Though generically named, The Kiss of Death is a fantastically original and exciting novel, full of blood, danger, thrills, mystery, and legions of the undead. It is sequel of sorts to My Swordhand Is Singing, in that it features Peter and his father’s sword from the previous book, though here the attention turns to two new protagonists. Perhaps it’s better described as a companion piece to its predecessor, as although it’s not necessary to have read My Swordhand is Singing, familiarity with who Peter is and his experiences in his own story will add a certain weight to his doings here.
Best described as a Gothic horror-mystery, The Kiss of Death begins with a letter addressed to persons unknown, detailing the writer’s desire to murder its recipient. It is baffling to Markus, the son of the man who wrote the letter, who only knows that it is in his father’s handwriting and that he has disappeared after traveling to Venice to help a friend. Marko leaves his mother and siblings to go in search of his father, sailing to Venice and meeting with the daughter of his father’s patient: Sorrel Bellini.
Sorrel is the girl who sent Marko’s father’s letter back to his family, along with a plea for help. With plenty of problems of her own concerning her insomniac father who is steadily losing his grip on sanity, she’s none too pleased to see that the inexperienced and unworldly Marko is the only aid that arrives. But Marko is just as determined to find his father as Sorrel is to help her own, and together the two of them begin an investigation across the murky depths of Venice.

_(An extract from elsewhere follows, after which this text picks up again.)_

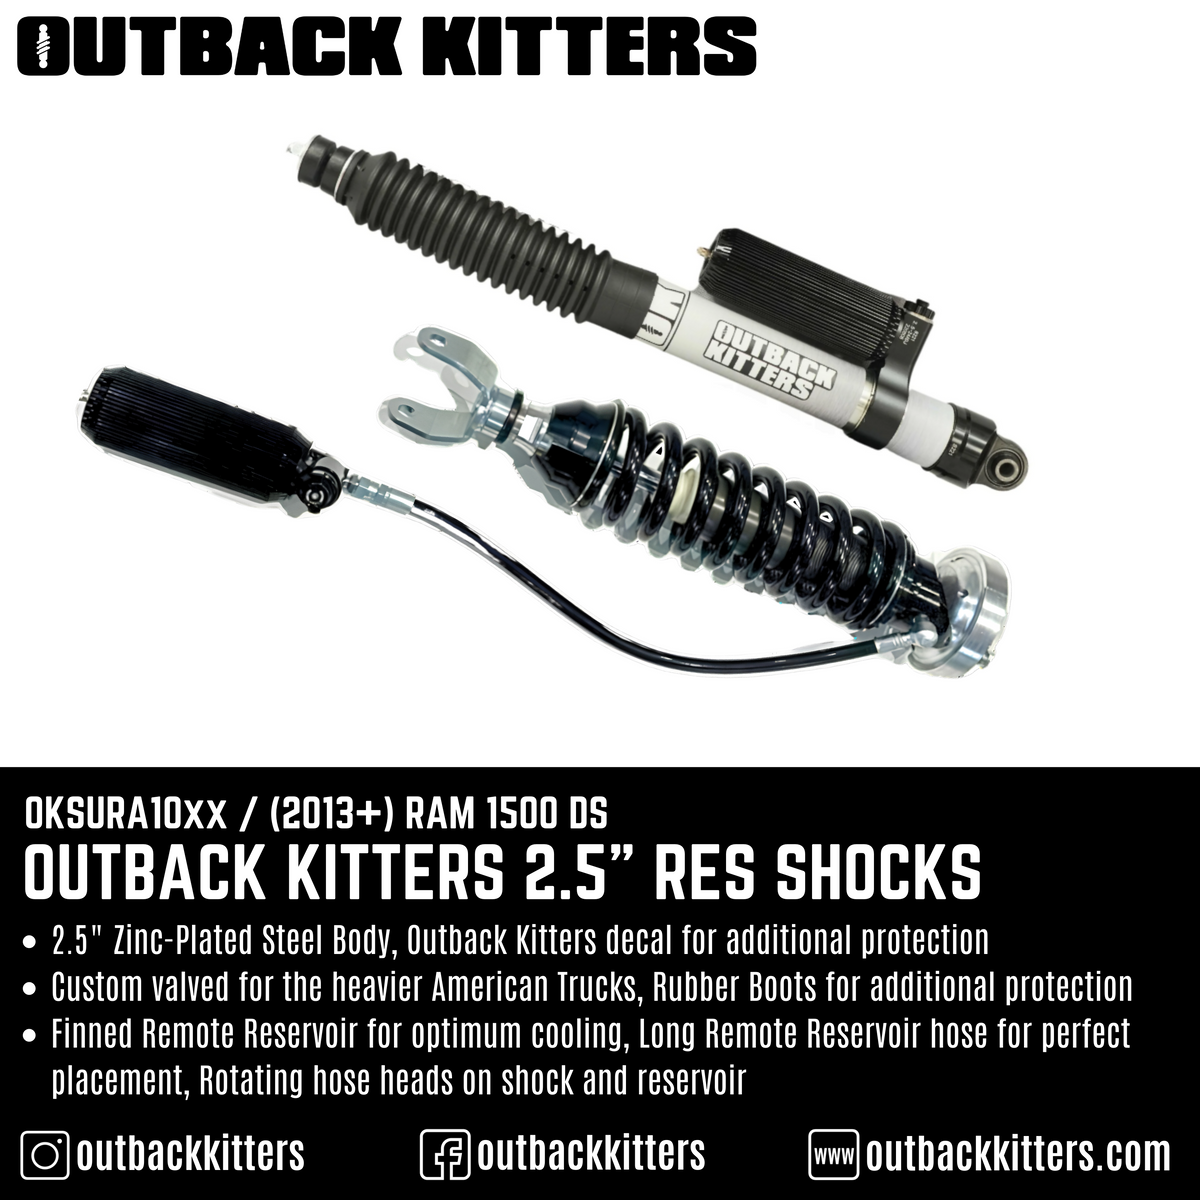 Outback Kitters 2.5" Reservoir Shocks for Ram 1500 DS (2013+) - Outback Kitters

What follows is a twisty, terrifying plot that brings back the enigmatic foe from the previous book; the Shadow Queen. To say more about her would be to give away a few important plot points, but Sedgwick manages to infuse some tragedy in her character with the inclusion of a fairytale that outlines her own mysterious past and motivations. But for the most part the action centers on Marko and Sorrel as they wend their way closer to their fathers and to each other on a mystery that takes them into some truly creepy and frightening scenarios (imagine spending the night in a monastery with two decapitated corpses in the next room, or sneaking onto a haunted island where plague victims were once sent to die). They make a good pair, with his optimism and naivety offset against her cynicism and world-weariness.

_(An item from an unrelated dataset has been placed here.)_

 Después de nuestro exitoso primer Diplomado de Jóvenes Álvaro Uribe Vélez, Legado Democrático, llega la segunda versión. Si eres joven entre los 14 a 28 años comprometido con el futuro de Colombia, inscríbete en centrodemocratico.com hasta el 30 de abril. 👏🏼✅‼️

Along the way they are joined by an enigmatic figure who hunts the Shadow Queen, a familiar face from the previous book, although greatly changed and perhaps not for the better. (Minor quibble, the character of “Sofia” is now re-spelt as “Sophia” for no clear reason).
Sedgwick writes in simple but evocative prose, and is a master at gradually accumulating clues and ratcheting up the suspense as each chapter goes by. Remarkably lean and straightforward in its plotting, not a single word is wasted in the gradual build-up of the mystery, and elements that are introduced early in the book return later in satisfying ways. Perhaps the climax is over too quickly, but getting there is a riveting reading experience.

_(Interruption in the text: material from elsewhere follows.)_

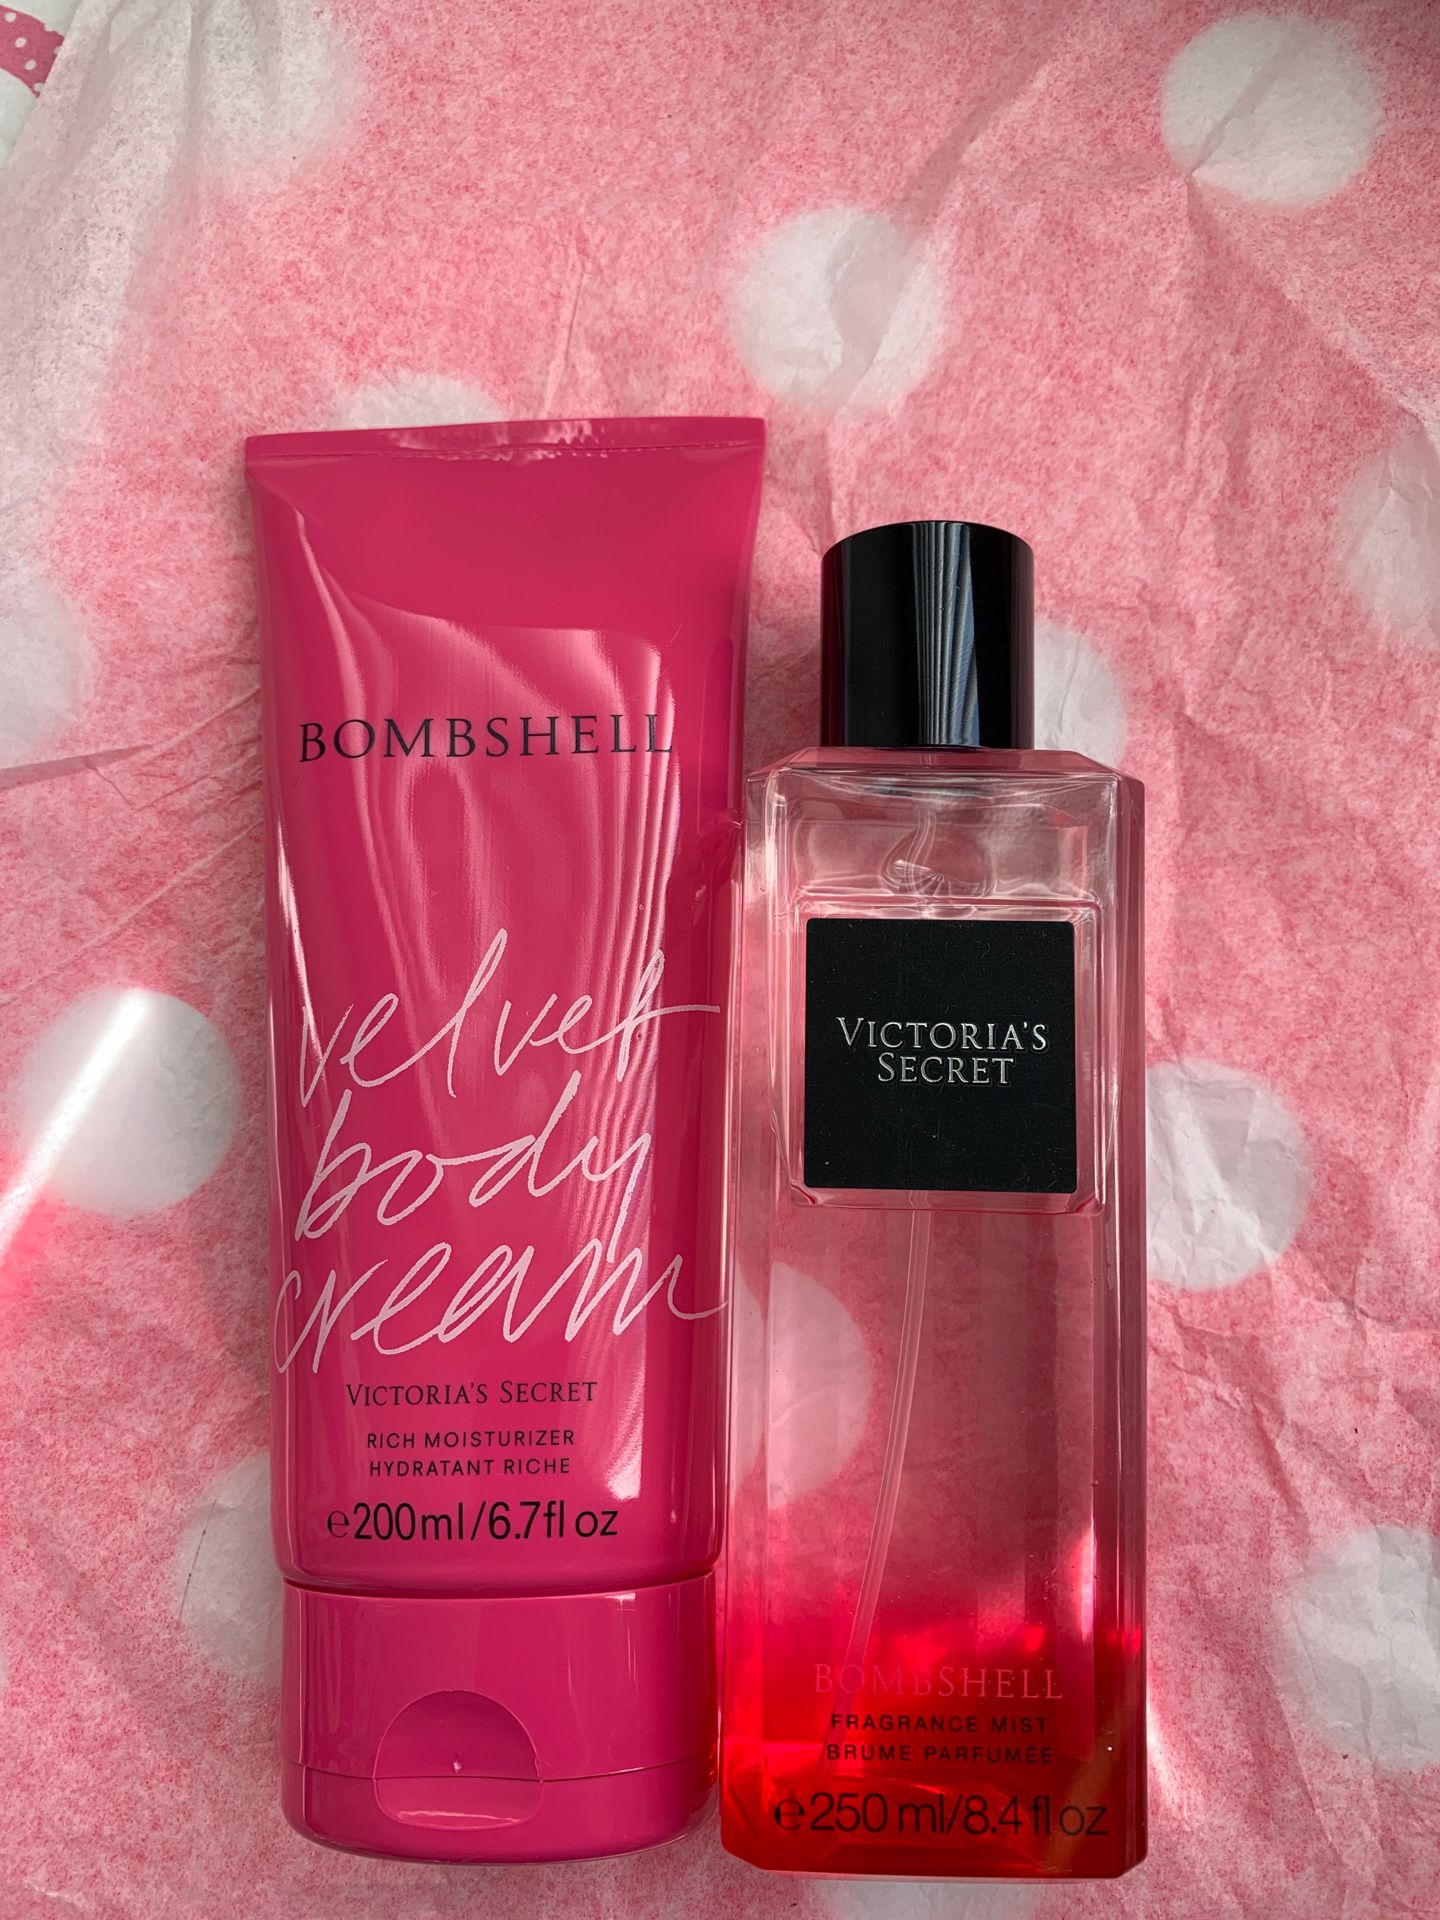 Victoria’s Secret bombshell fragrance mist and body cream set for $20

Especially good is Sedgwick’s portrayal of Venice, brought to life not as the renowned place of beauty and culture, but of a flimsy façade that hides corruption and debauchery under the surface, filled with rotting estates and stinking canals. Essentially, this book fires on all cylinders, with strong characterization, vivid atmosphere, quirky plot developments and strong, suspenseful storyline. One of the rare sequels that is undeniably better than its predecessor, I’d give The Kiss of Death five stars all round.